Every envelope carries residency from Ollama’s /api/ps. When evicted: true or size_vram_bytes < size_bytes, the caller knows inference dropped 5–10× and why. Raw Ollama exposes the same data but you have to correlate it by hand.

classify and extract accept source_path — a file the server reads itself. Claude never pre-reads the file, which means Claude’s context budget isn’t spent on bytes the intern is about to read anyway.

No other delegation tool in the MCP ecosystem does this. It’s small, and it’s the right optimization.

We don’t stream. Packs emit pack_step events to the NDJSON log so a tailing operator can see pipeline progress, but the MCP response is single-shot.
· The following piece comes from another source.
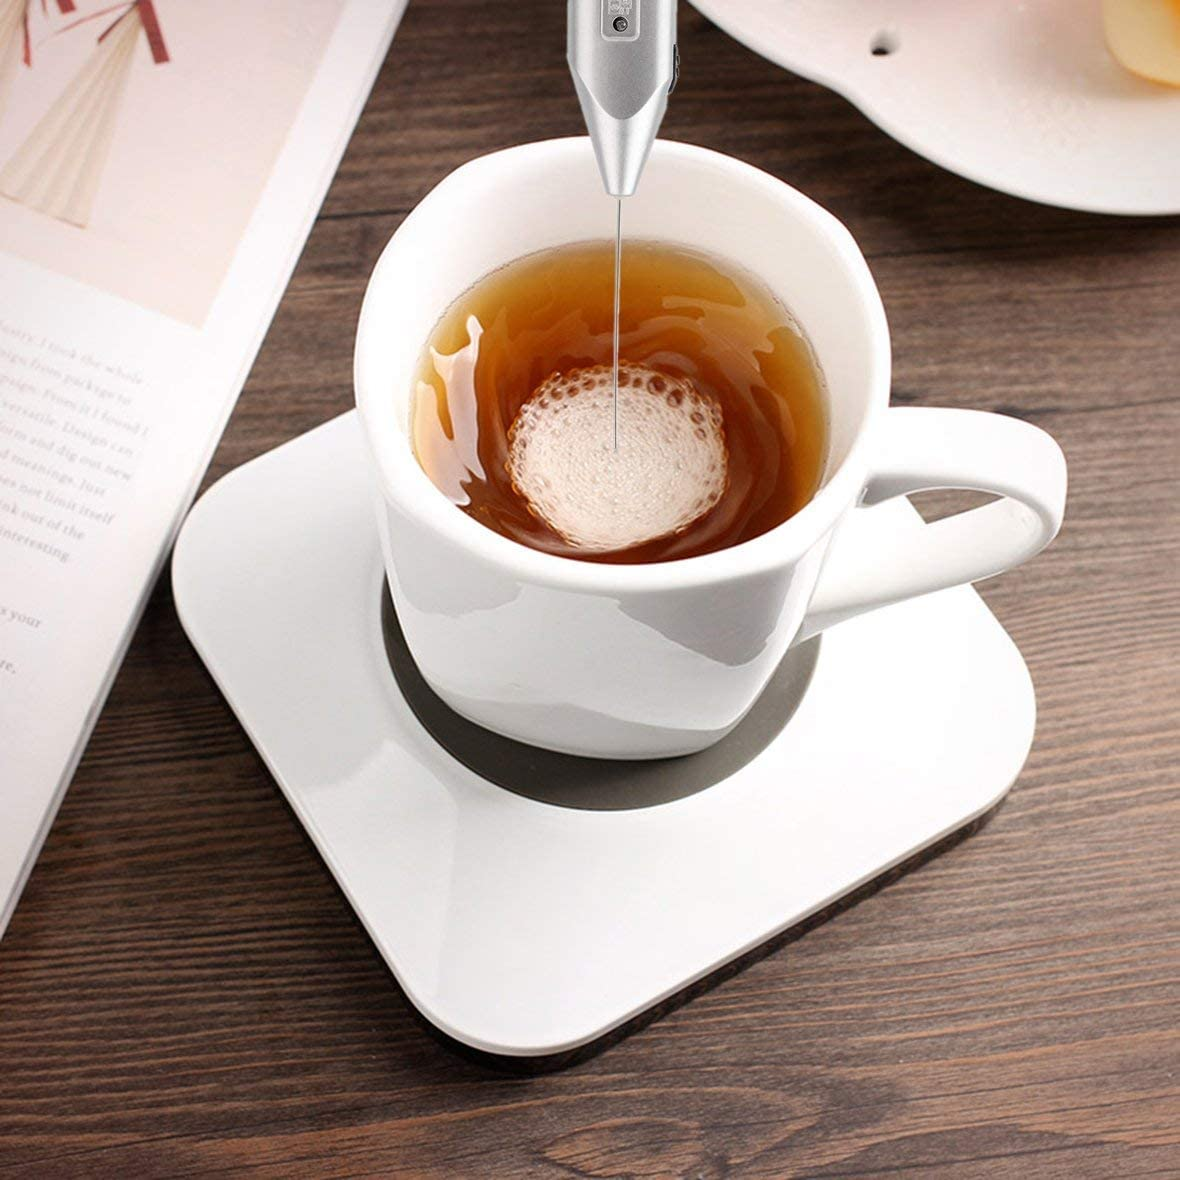 Cordless Milk Frother Handheld Foamer Cappuccino Maker Latte Espresso Chocolate Coffee Metal Kitchen Mixer Handy Guard Stiring #Pennytupu
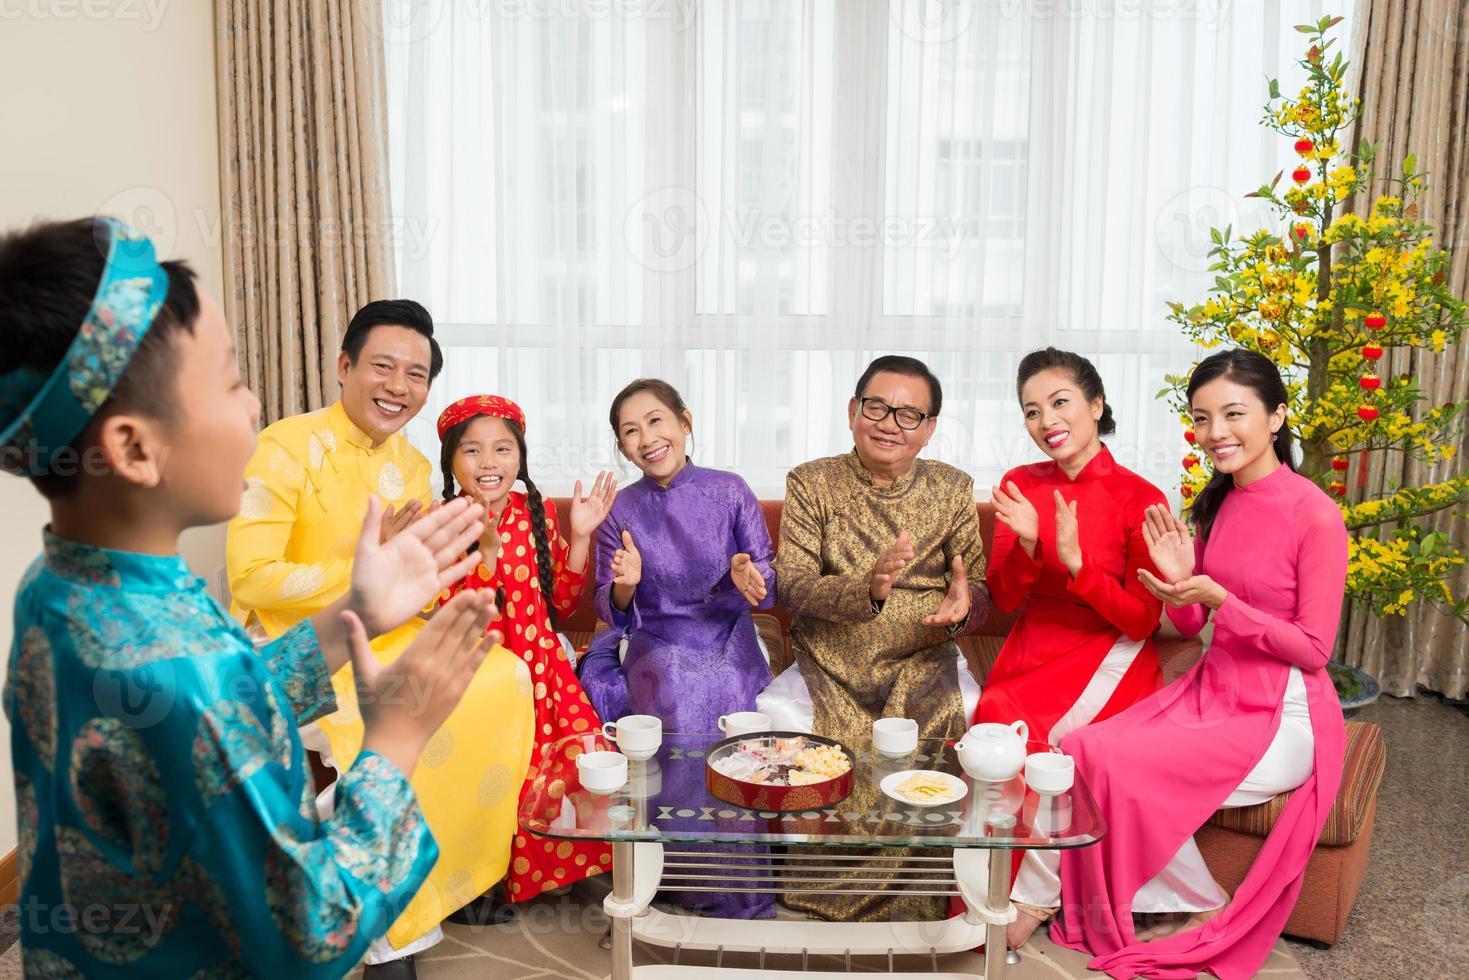 famiglia applaudente foto

If you need mid-call token streams, use raw Ollama or Claude-direct.

corpus_* is not pgvector. It’s BM25 + RRF fusion over chunks with metadata, sized for repo-scale corpora (thousands to tens of thousands of chunks). Use pgvector / Qdrant / Weaviate for hundred-millions of vectors.

ollama_draft runs a compile check on code drafts when language is known (tsc, eslint, pytest on the Tools-ops agent’s batch_proof_check). It’s a surface, not a sandbox — it will not execute arbitrary code against arbitrary inputs. Use a dedicated sandbox (e2b, Docker) if you need that.

Local-only. Every call goes to http://127.0.0.1:11434 or nowhere. If you need GPT-4 / Claude / Gemini, drive them directly or use a cloud-MCP — this server is not that shape.

  • Bulk classification / extraction / triage over many items — ollama-intern-mcp. Batch atoms.
  • “What just happened” incident writeup with evidence — ollama-intern-mcp. incident_pack.
  • Repo onboarding brief — ollama-intern-mcp. repo_pack or repo_brief.
  • Mid-call token streaming — raw Ollama, or drive Claude directly.
  • Tens of millions of vectors — pgvector / Qdrant / Weaviate. Not us.
  • One-off question to a local model — raw Ollama HTTP. Don’t reach for ollama-intern-mcp for a single ad-hoc chat.
  • Cloud model access — Claude-direct or a cloud-MCP.